Discrepancy in Document Count When Importing Data from MySQL to Elasticsearch Using Logstash

Hello Elasticsearch Community,

I am encountering an issue with importing data from MySQL to Elasticsearch using Logstash. Here’s the context and details:


Setup Information:

  • MySQL Table Name: criteria_sites
  • Elasticsearch Index Name: mysql-criterion-site-data
  • Pipeline Input Configuration: I am using the JDBC plugin in Logstash to fetch data from MySQL.

MySQL Table Details:

  • The table criteria_sites has 16,626 rows.
  • It has a composite primary key consisting of:
    • criterion_value_id
    • site_id
SHOW KEYS FROM criteria_sites WHERE Key_name = 'PRIMARY';
+----------------+------------+----------+--------------+--------------------+-----------+-------------+----------+--------+------+------------+---------+---------------+---------+------------+
| Table          | Non_unique | Key_name | Seq_in_index | Column_name        | Collation | Cardinality | Sub_part | Packed | Null | Index_type | Comment | Index_comment | Visible | Expression |
+----------------+------------+----------+--------------+--------------------+-----------+-------------+----------+--------+------+------------+---------+---------------+---------+------------+
| criteria_sites |          0 | PRIMARY  |            1 | criterion_value_id | A         |       14030 |     NULL |   NULL |      | BTREE      |         |               | YES     | NULL       |
| criteria_sites |          0 | PRIMARY  |            2 | site_id            | A         |       16626 |     NULL |   NULL |      | BTREE      |         |               | YES     | NULL       |
+----------------+------------+----------+--------------+--------------------+-----------+-------------+----------+--------+------+------------+---------+---------------+---------+------------+

Elasticsearch Output Configuration in Logstash:

output {
  elasticsearch {
    hosts => ["http://ip-address:9200"]
    index => "mysql-criterion-site-data"
    document_id => "criterion-site-%{criterion_value_id}"  # Uses only `criterion_value_id` as the ID
  }
}

Issue:

When I import the table using Logstash, the document count in Elasticsearch doesn’t match the number of rows in the MySQL table.
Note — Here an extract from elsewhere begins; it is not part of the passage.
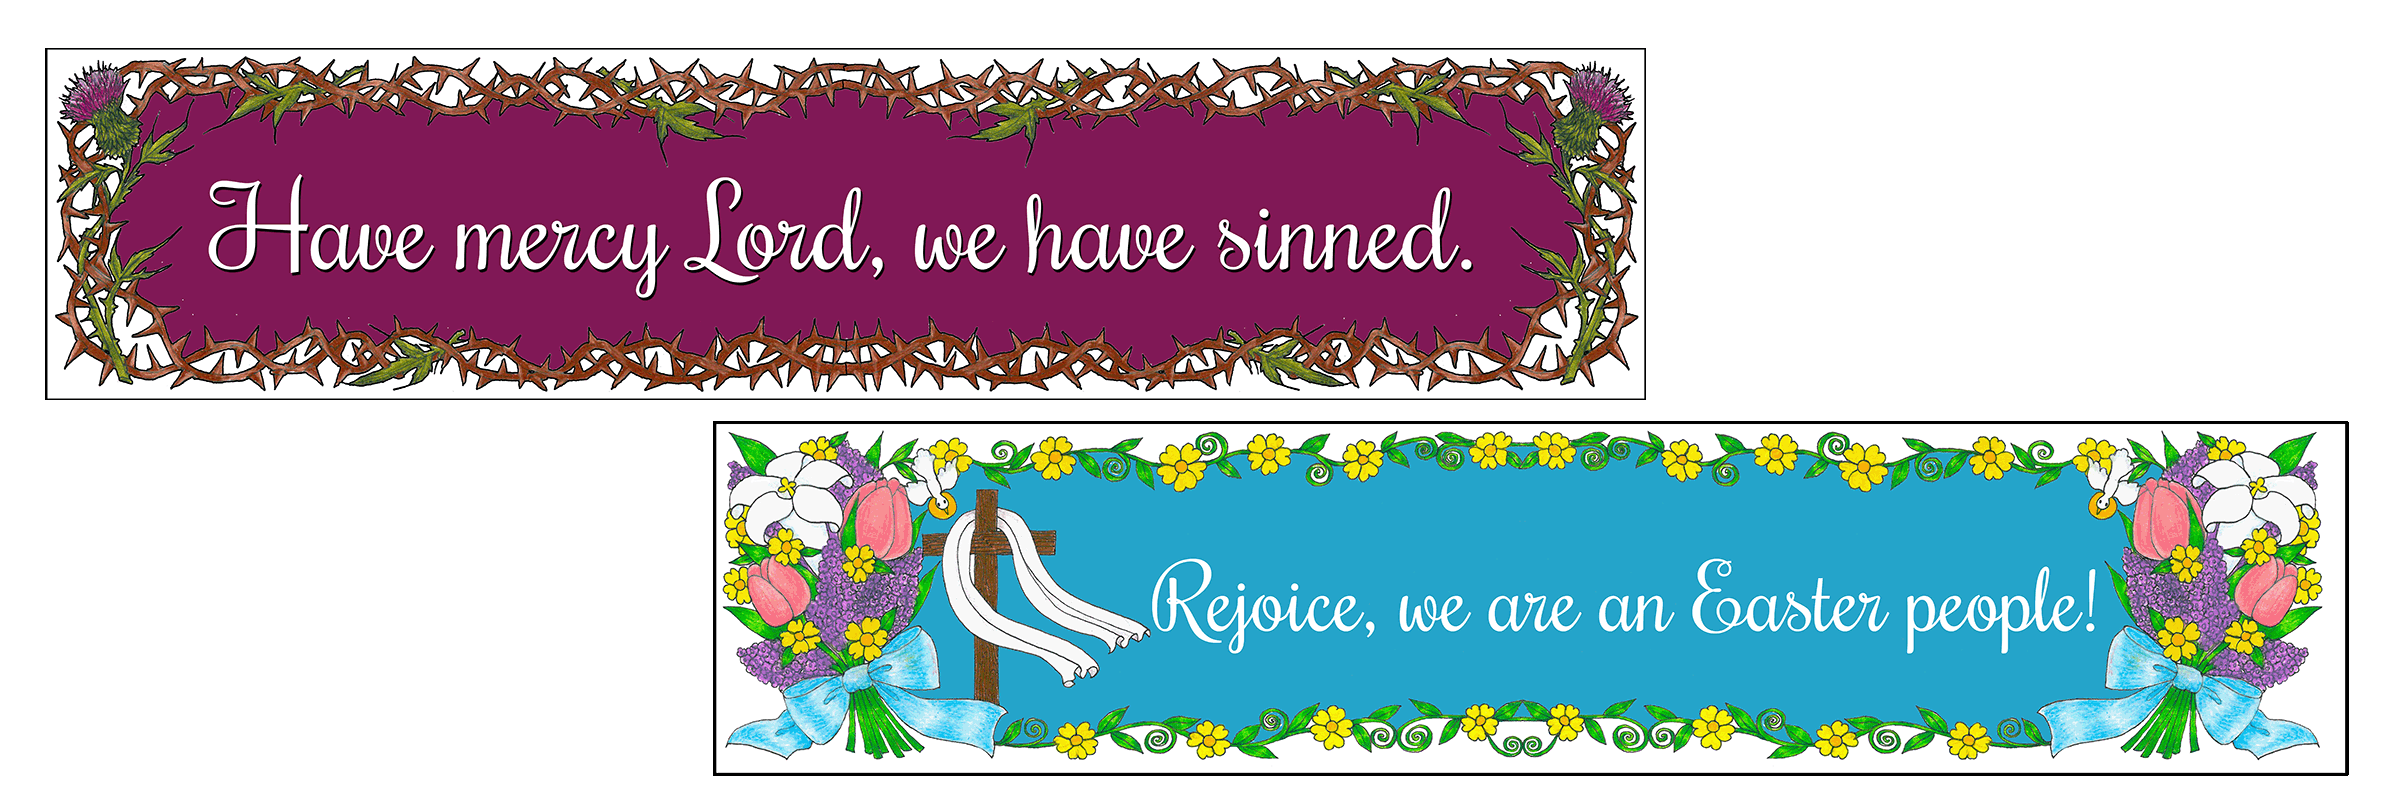 Reversible Lent/Easter Banner

  • MySQL Table Rows: 16,626
  • Elasticsearch Index Statistics:
yellow open   mysql-criterion-site-data FSkeQzvVQKa4PwIDbnYV0Q   1   1      14030         2596      1.3mb  

You are creating the key based on only one component of the primary key, so it is natural and expected that the number of documents in Elasticsearch match the cardinality of this, which as you pointed out is 14030. If you want all documents inserted you need to create the document id based on both components of the primary key.
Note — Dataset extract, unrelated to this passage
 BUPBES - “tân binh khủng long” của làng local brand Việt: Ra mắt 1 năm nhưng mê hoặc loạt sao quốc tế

how to solve the issue and find all the 16,626 rows in elasticsearch?

Change this to something like this:

output {
  elasticsearch {
    hosts => ["http://ip-address:9200"]
    index => "mysql-criterion-site-data"
    document_id => "%{site_id}-%{criterion_value_id}"
  }
}

Naturally you will need to delete everything from the index before rerunning as you otherwise will get duplicates.

I will try and give you update

thanks man it worked
yellow open mysql-criterion-site-data l8otXpdqQOOeRnK8cAfGwg 1 1 16626 49878 2.2mb 2.2mb

can you explain to me why at first the number is mismatched, im new to elasticsearch and logstash

You were indexing documents with a document id (primary key in Elasticsearch) that only contained one component of the key you have in your data base. There are per your statistics only 14030 unique values in this key component in your database so there can never be more unique document ids than that in Elasticsearch.